Veliler alkışladı, müzik yavaşça yükseldi.
Sahneye çıkan çocuklar arasında Dila ve Dilda el eleydi.
Işık onlara vurduğunda, biri gün ışığı gibi parlıyor, diğeri geceyi andırıyordu.
Zıt ama tamamlayıcıydılar.
Şarkı başladığında Dila önde, Dilda arkada ritme ayak uydurdu. Dila’nın gözleri sürekli seyircideydi; babasını bulunca gülümsedi.
Azad o an derin bir nefes aldı, sanki içindeki tüm ağırlık gitmişti.
Efsun’un eli elindeydi. Kadınca bir gurur, anaca bir sevgiyle kızlarına baktı.
Gösteri ilerledikçe çocuklar Mardin yöresine özgü minik figürlerle dans ettiler.
Küçük eller havaya kalktı, etekleri döndü, kahkahalar yankılandı.
Dilda’nın yüzünde babasının o ciddi ifadesi vardı; ama arada bir Dila’ya dönüp gülümseyince Azad kalbinden vurulmuş gibi oldu.
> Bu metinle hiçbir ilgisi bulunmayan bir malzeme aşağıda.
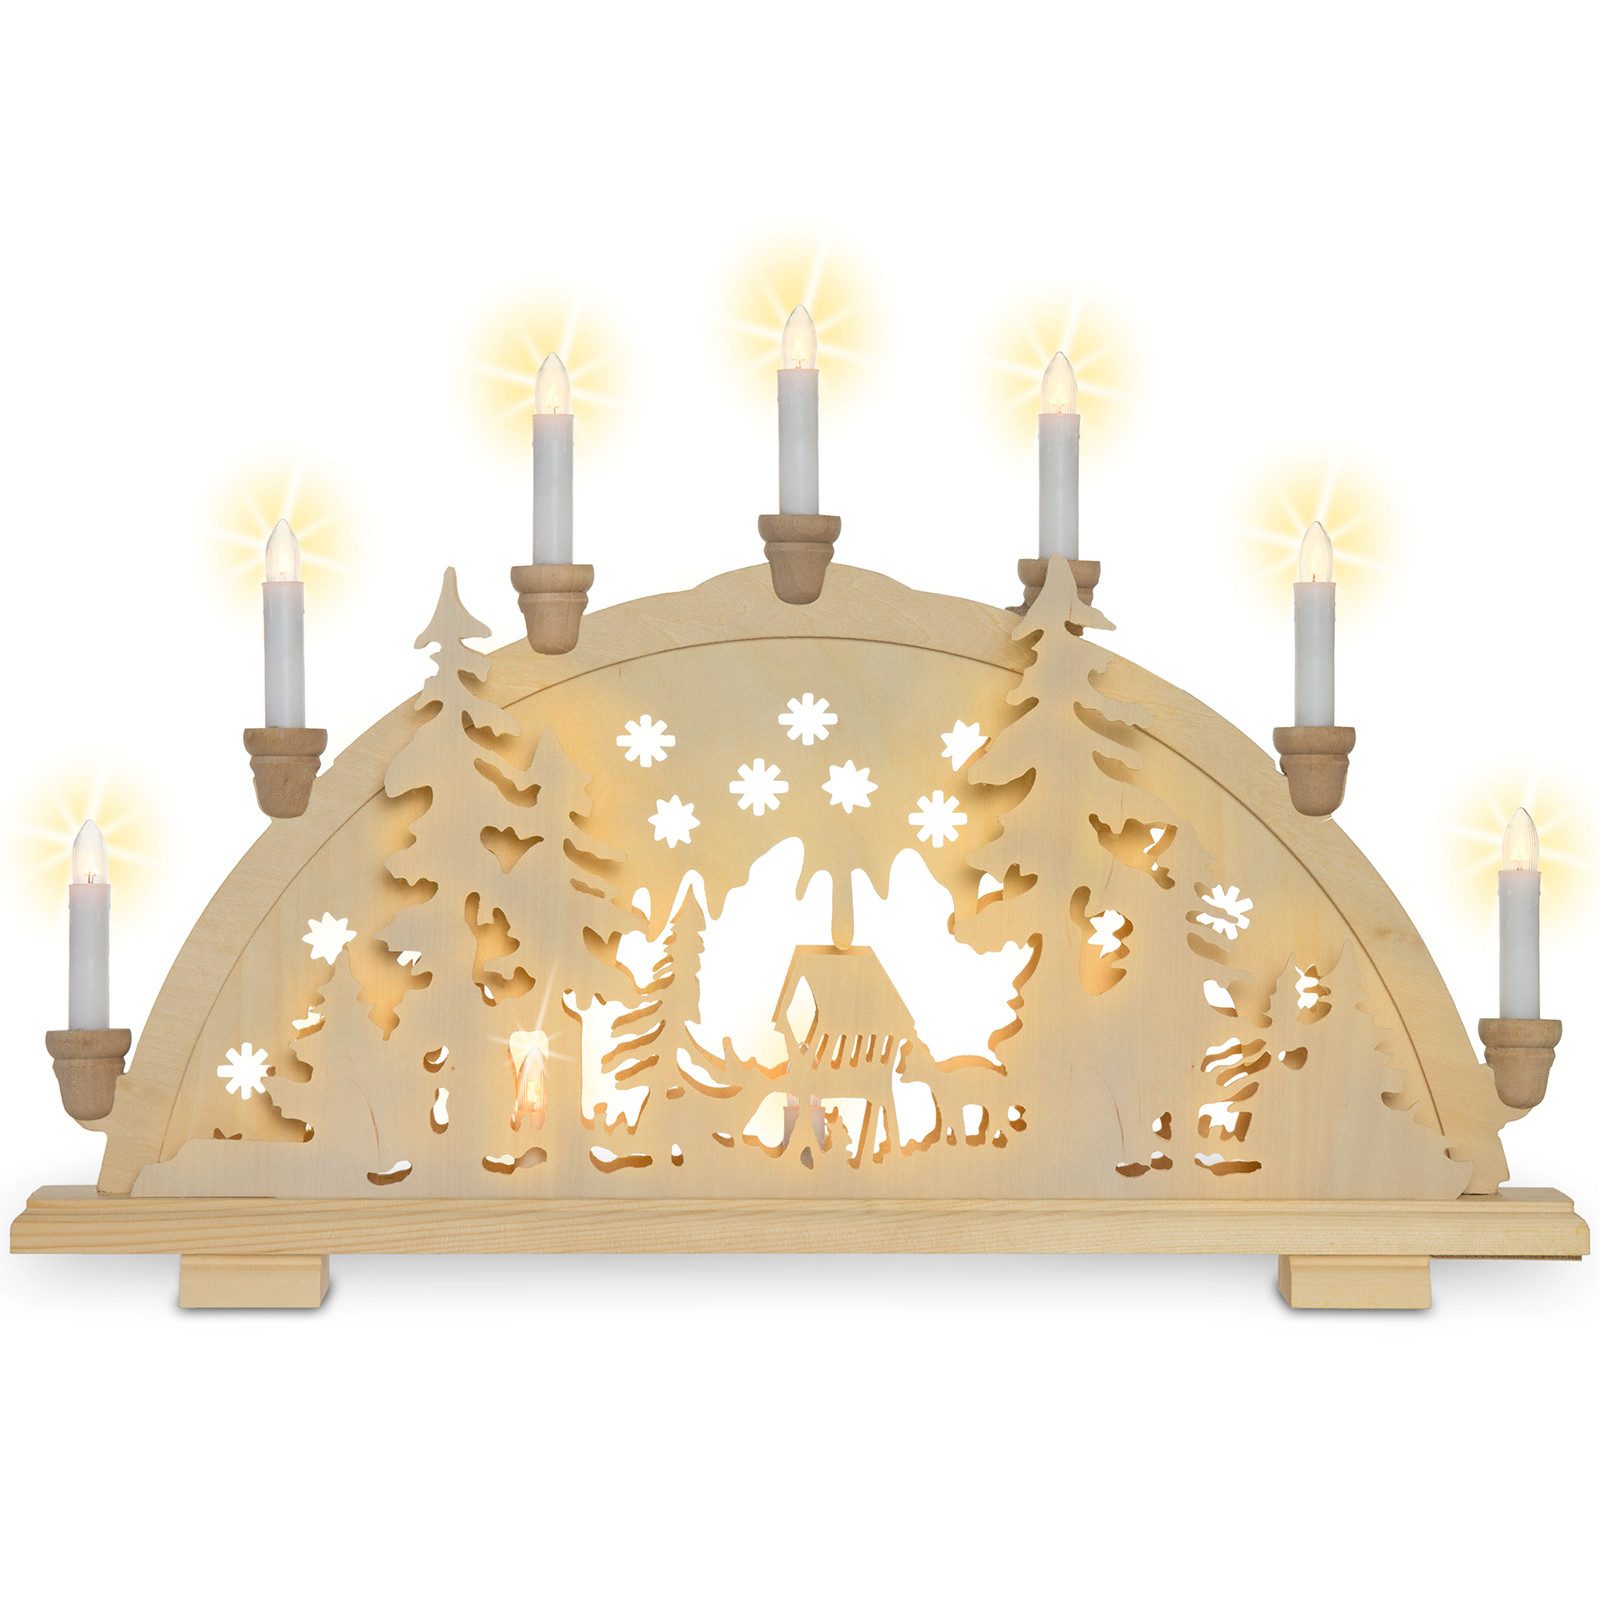 SIKORA Schwibbogen LB42 beleuchteter Holz Schwibbogen mit 7 Kerzen

Bir ara Dila mikrofonu kaptı:
“Biz kardeşiz, biz güçlüyüz!” diye bağırdı.
Kalabalık alkış kıyamet koptu.
Azad gururla ayağa kalktı, gözleri nemlenmişti.
Efsun yanına yaklaşıp fısıldadı:
“Senin kızın bu Azad Karaaslan, benzerini doğurmak kolay değil.”
Azad kısık bir sesle, “Sen doğurdun, ben gurur duydum,” dedi.
Gösteri sonunda çocuklar seyircilerin arasına çiçek attılar. Dila elindeki çiçeği babasına doğru fırlattı, Dilda ise annesine.
İkisi de yakaladılar.
Kalabalığın içinde bu dört kişi, kendi dünyalarında kaldılar bir süre.
Sahne bittiğinde Dila ve Dilda hemen koşa koşa ebeveynlerine geldiler.
“Anne! Baba! Biz nasıldık?” diye bağırdılar.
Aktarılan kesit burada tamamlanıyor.